Material for this exercise →
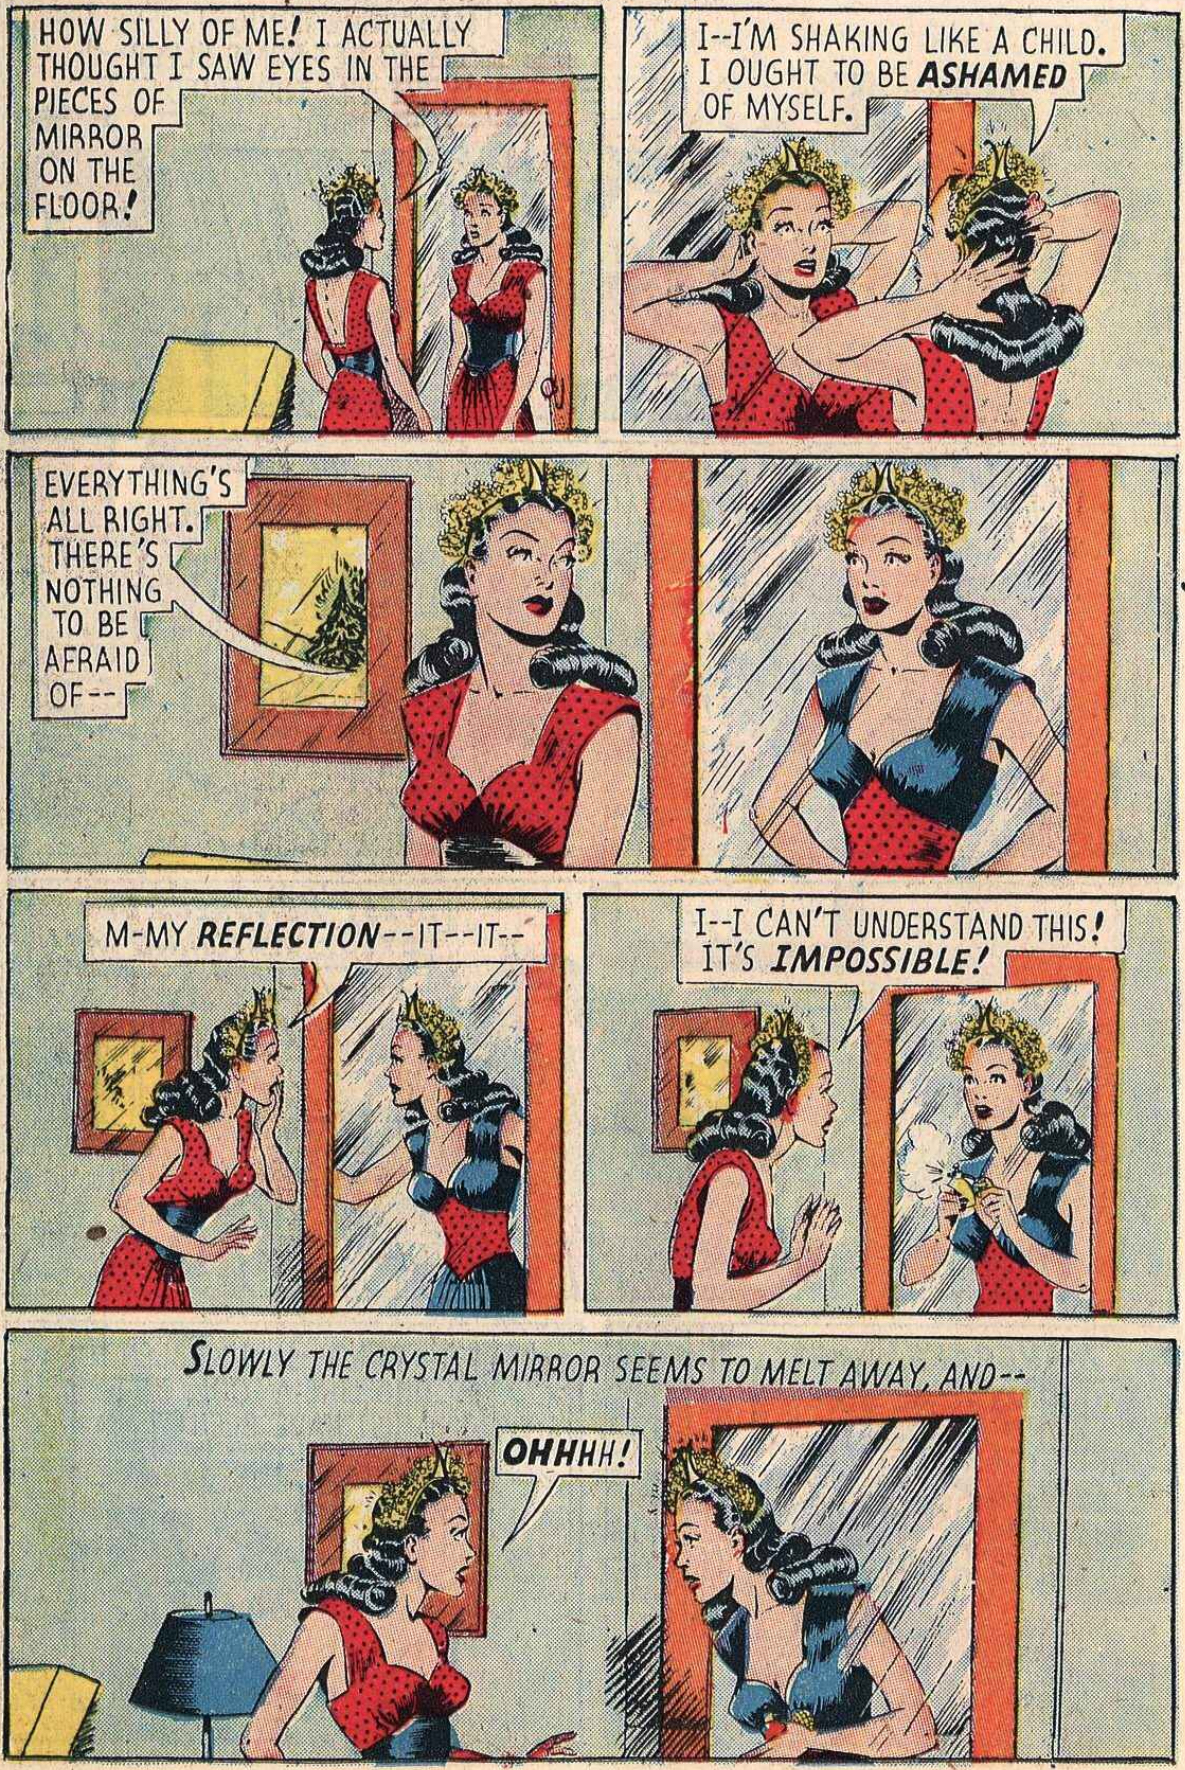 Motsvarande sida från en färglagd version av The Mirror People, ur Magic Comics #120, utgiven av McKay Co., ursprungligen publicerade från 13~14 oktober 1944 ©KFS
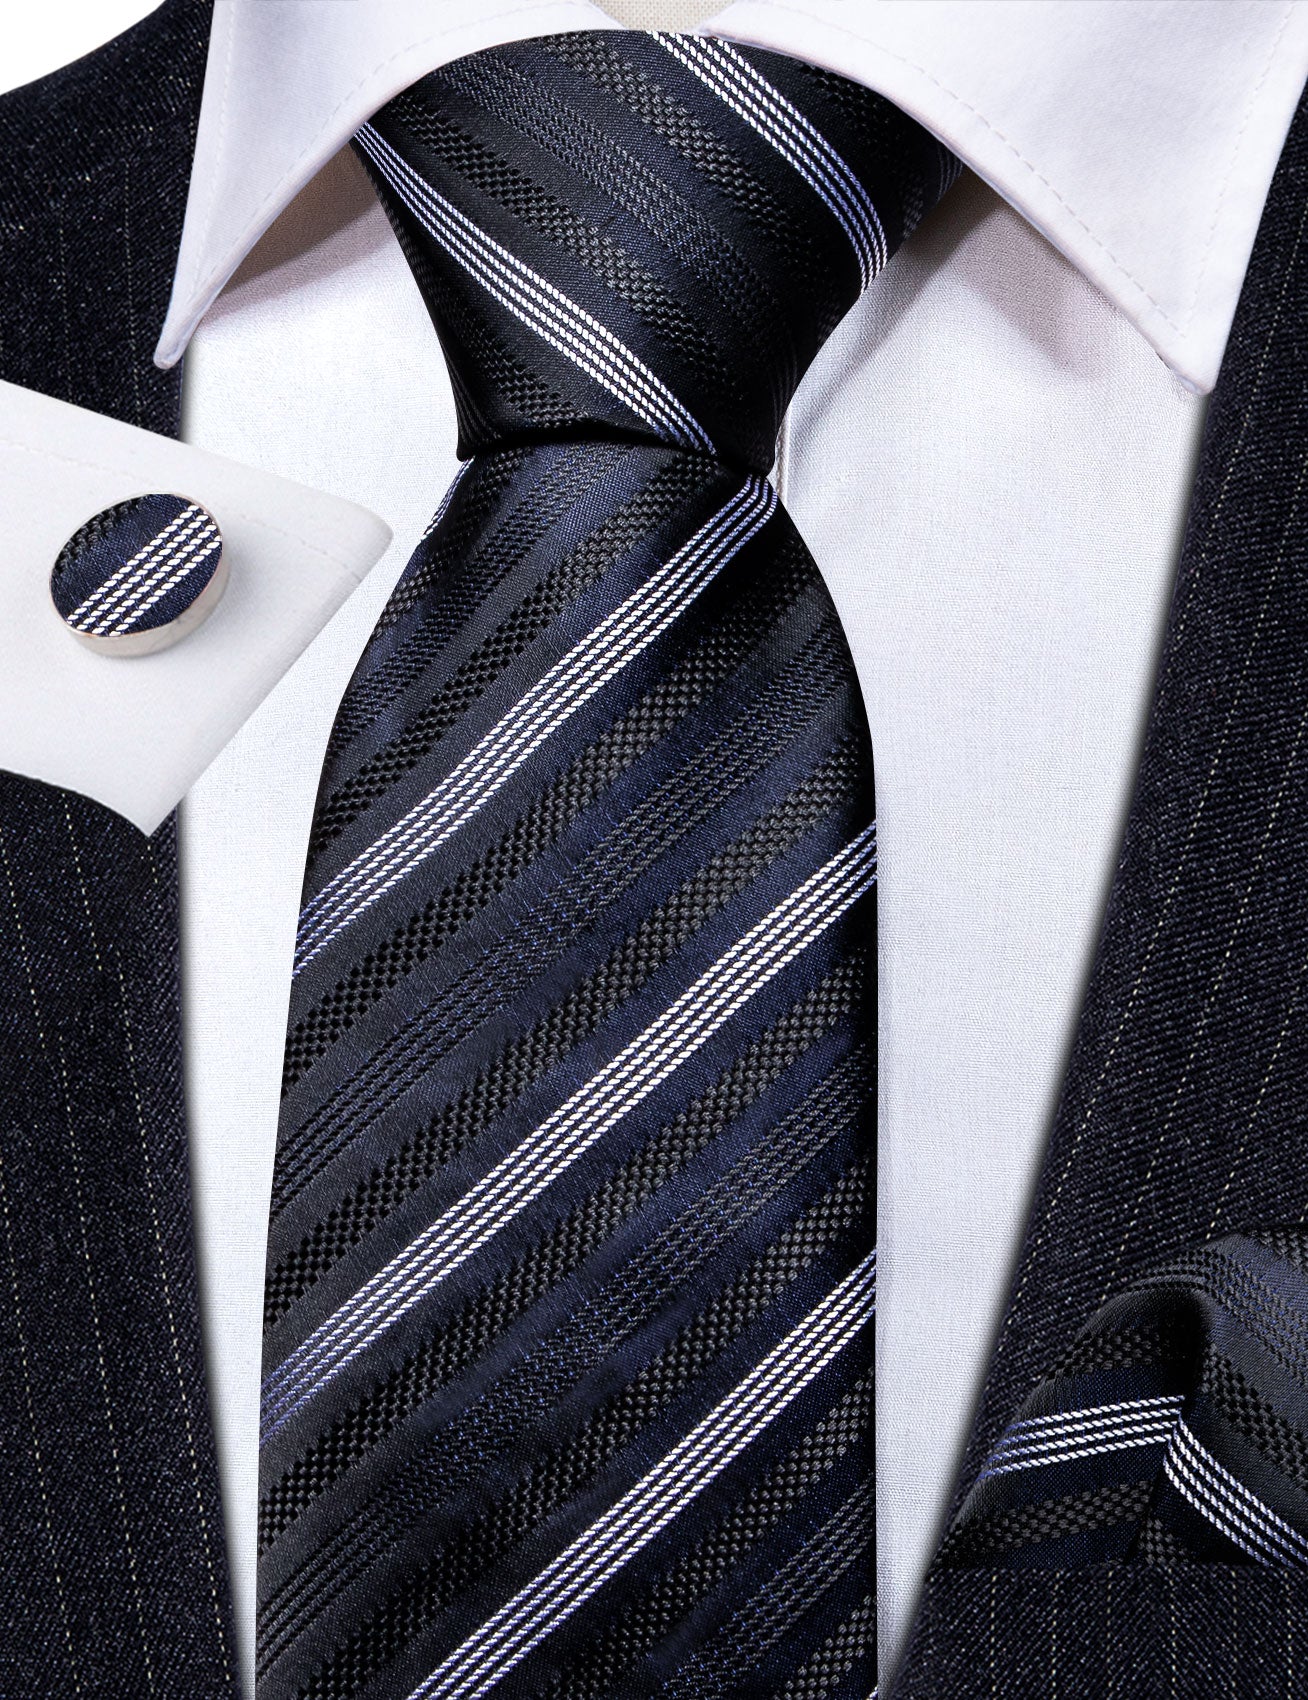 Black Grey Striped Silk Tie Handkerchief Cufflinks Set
---
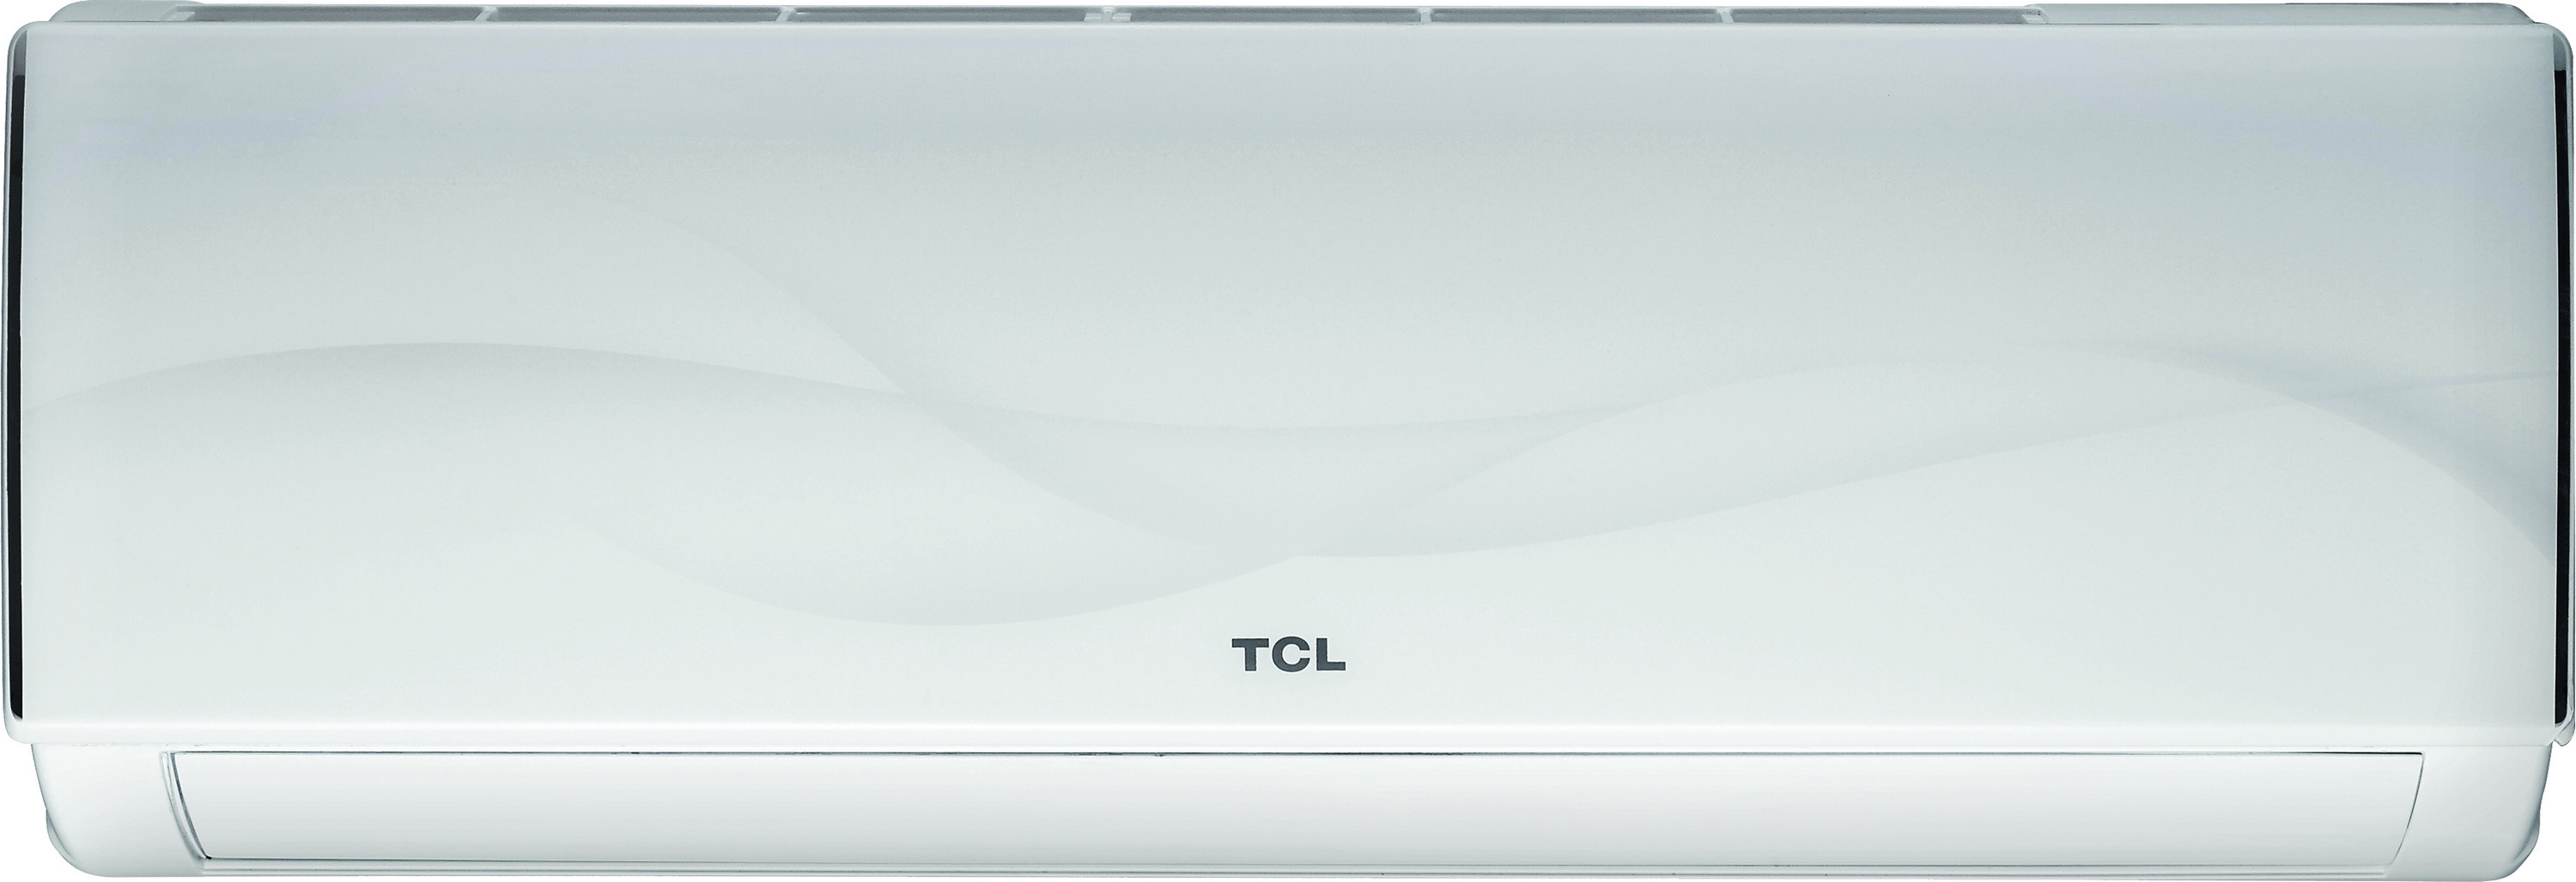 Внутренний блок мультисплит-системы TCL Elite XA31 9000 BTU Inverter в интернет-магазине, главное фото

The task →
What is needed is an exact copy of the lines above, from the one holding "Motsvarande sida från" down to the one holding "Black Grey Striped", with those two included and the pictures left out.

Task solution →
 Motsvarande sida från en färglagd version av The Mirror People, ur Magic Comics #120, utgiven av McKay Co., ursprungligen publicerade från 13~14 oktober 1944 ©KFS
 Black Grey Striped Silk Tie Handkerchief Cufflinks Set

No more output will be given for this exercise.